In the CCHA, St. Thomas, Bemidji, Bowling Green, and Lake State are all out, and none have a chance to qualify for the national tournament.

Finally, Brown, Union, and RPI are in the same boat in the ECAC, having been eliminated in the first round of that tournament.

And so now things get interesting. Only 15 teams have a better-than-50-percent chance to make the tournament at this point, and one of those is RIT – by far the best team in Atlantic Hockey this year – which still has to basically win four games straight in that tournament to qualify.

But Atlantic Hockey is the only conference where at least one participant isn't a mortal lock to make the national tournament. The CCHA has two teams that are at least 78 percent likely to make it (Michigan Tech is considered a lock at 11th in the Pairwise, and Minnesota State, at 12th, has a strong case even if it doesn't win the Mason Cup).
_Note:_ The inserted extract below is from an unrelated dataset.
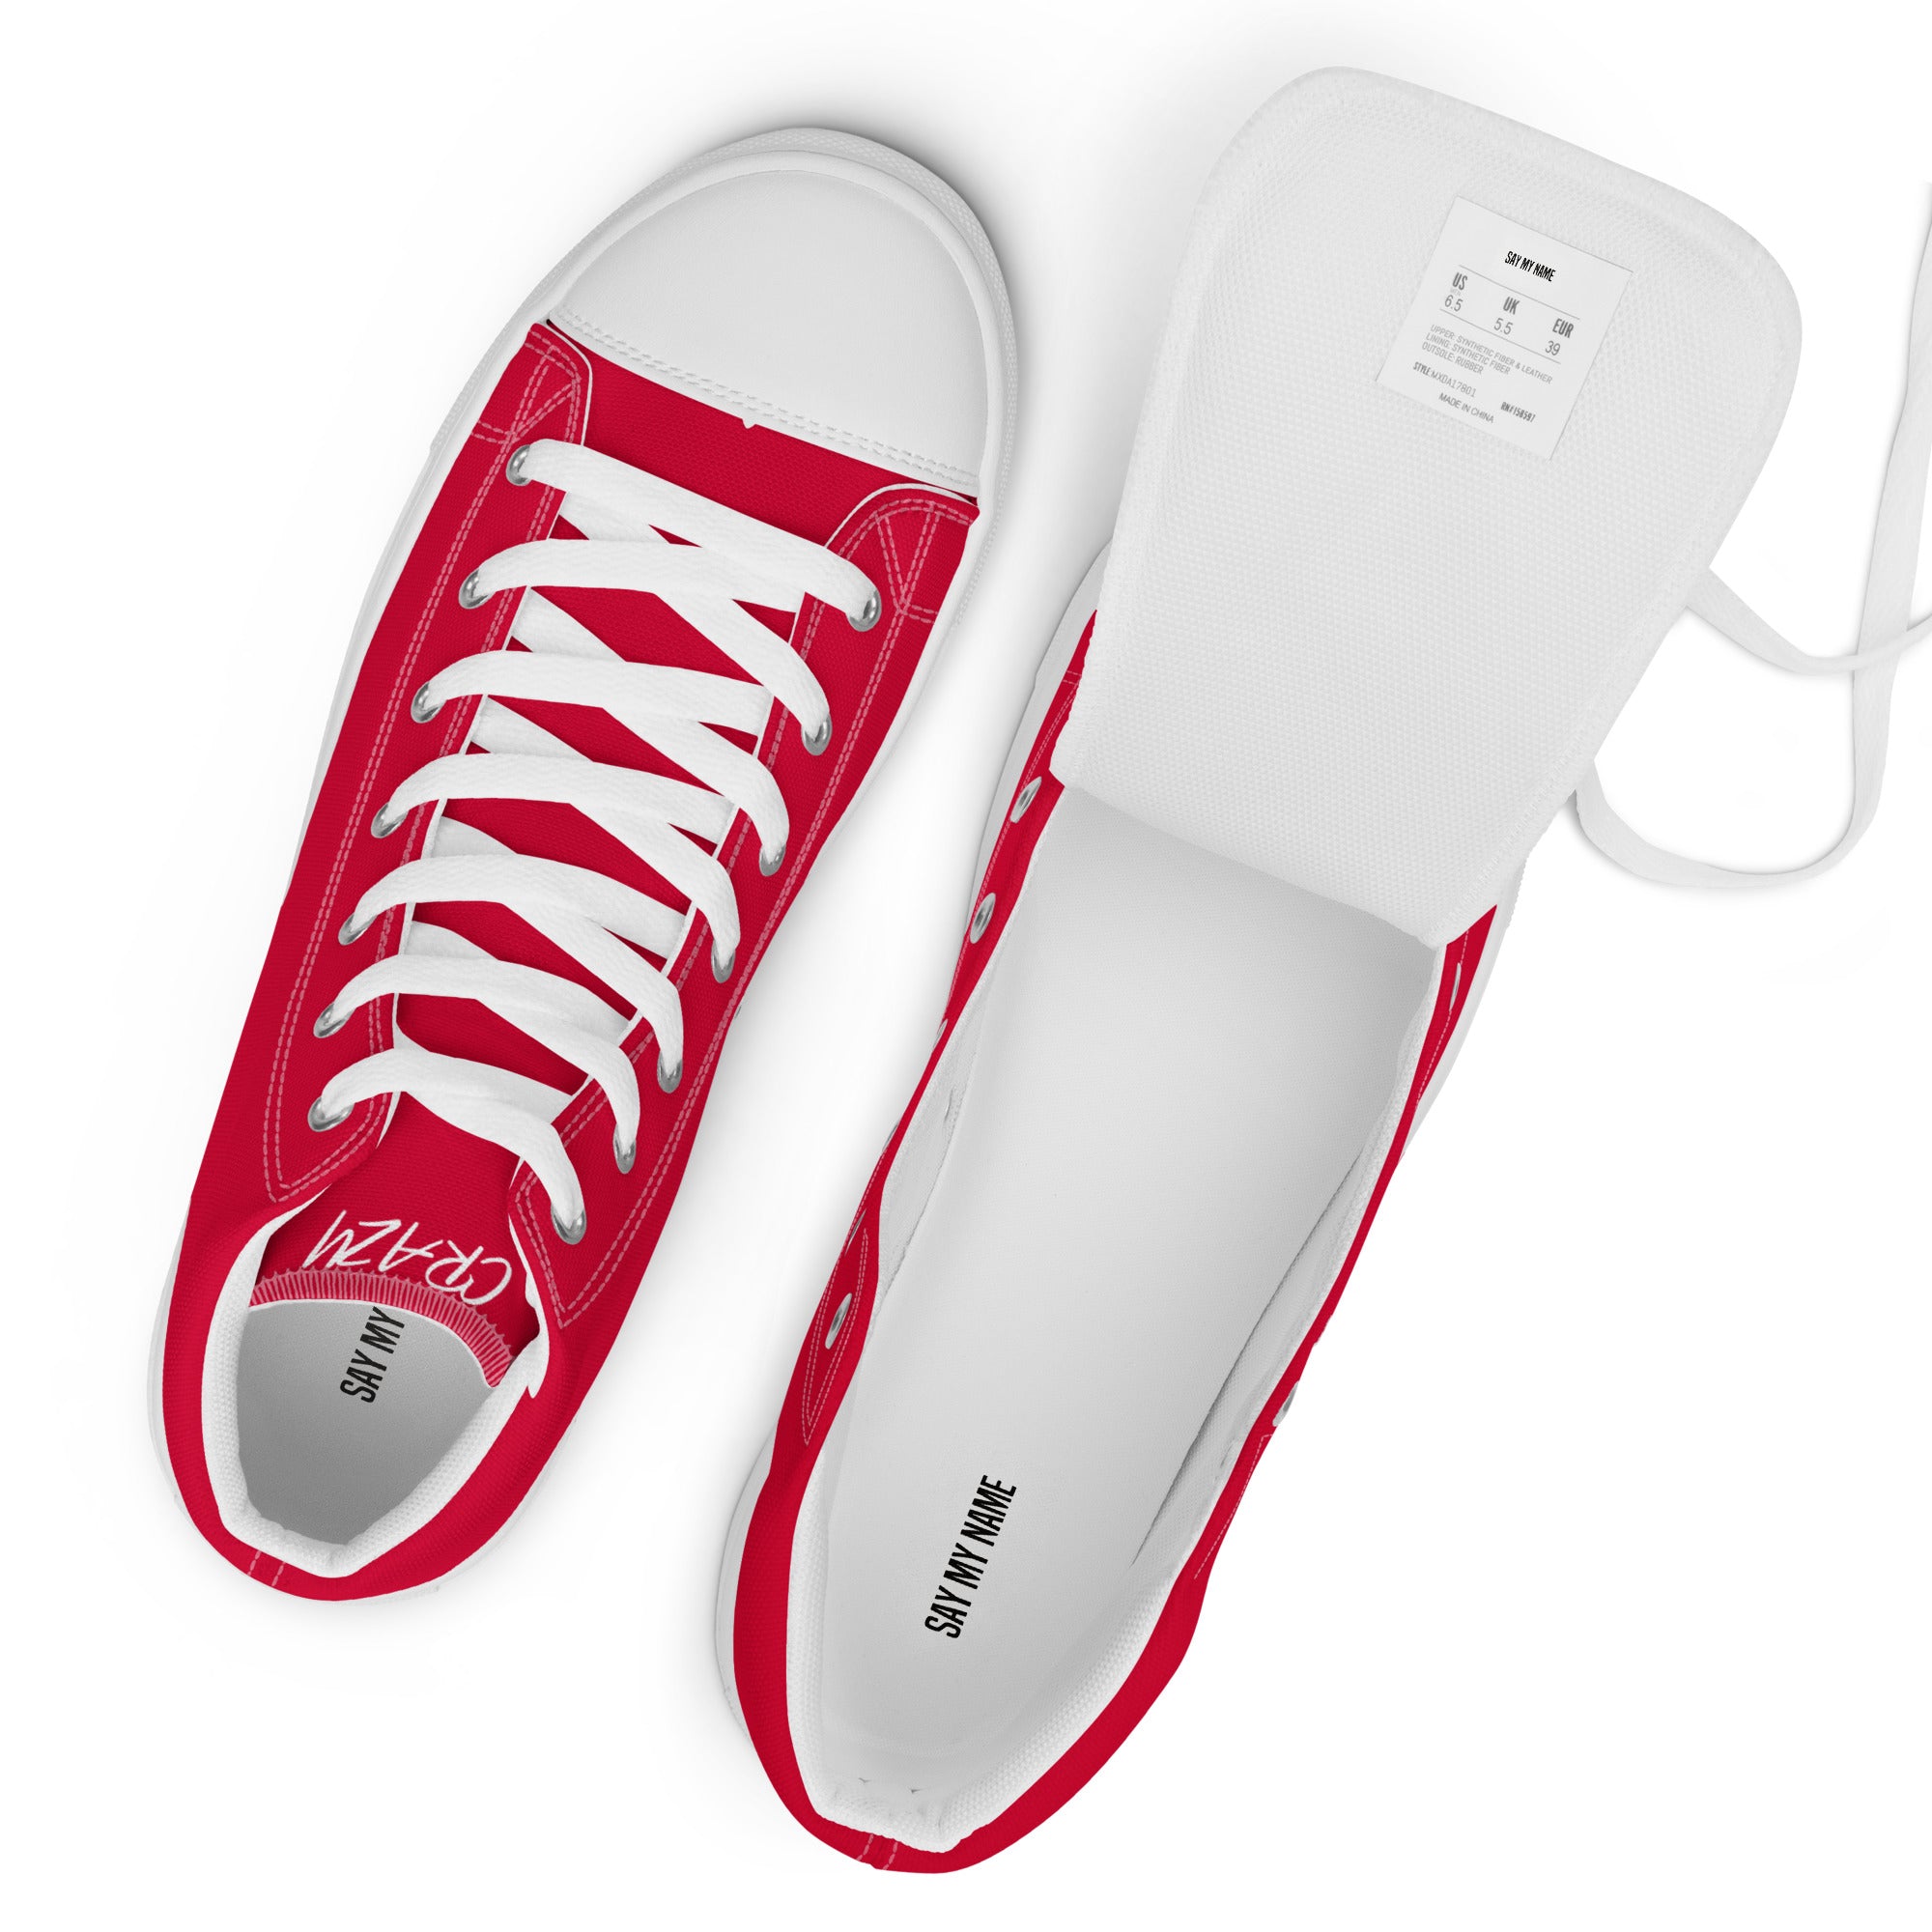 "SAY MY NAME" men's high red canvas sneakers

Hockey East's only locked-in team is Boston University, currently fifth in the Pairwise, but this is a conference with a lot of parity – see also: obviously flawed teams – and it would be no surprise for like four or five of the other teams in it to win the postseason title (even if BU is by far the most likely to do so). The Hockey East all-single-elimination tournament starts tonight with the lower seeds, before teams that earned a bye play on Saturday.

The ECAC has two locks: Quinnipiac and Harvard, as they're both top-six in the Pairwise. Cornell is 14th and is more likely than not to qualify, but that's when you have to start worrying about autobids from weaker conferences.

The Big Ten and NCHC are once again loaded with some of the best teams in the country, and plenty of teams currently on the outside looking in that could go on runs that result in them qualifying for the tournament regardless.

And here's where we have to talk about Alaska, which is currently 13th in the Pairwise despite a relatively weak schedule as an independent. They have a 90-percent chance to qualify for the tournament and a lot of stuff would have to break against them for them to miss, but the Nanooks' regular season is over – having ended on a streak in which they won 17 of 20, including games against Denver (No. 3 in the Pairwise) and Notre Dame (No. 18) on the road. They can do nothing to improve their chances, and other teams like Cornell and Michigan State can certainly hop over them with a couple more wins, but things would have to go catastrophically wrong for them to miss at this point.

Today, we know for sure that 11 of the 16 national tournament slots are completely spoken for. The fact is another 30 teams are still technically alive, including those with a less-than-1-percent chance to qualify.

The list of active teams is already shrinking rapidly, another three teams will be eliminated tonight, and by the end of this coming weekend, we're going to be down to 24 conference-tournament teams and Alaska as the last teams standing.

All you can do at this time of year is hope you put yourself in the best possible position to succeed. For most, the odds are long and getting longer with each passing result. 

That's what makes the sport at this level so exciting.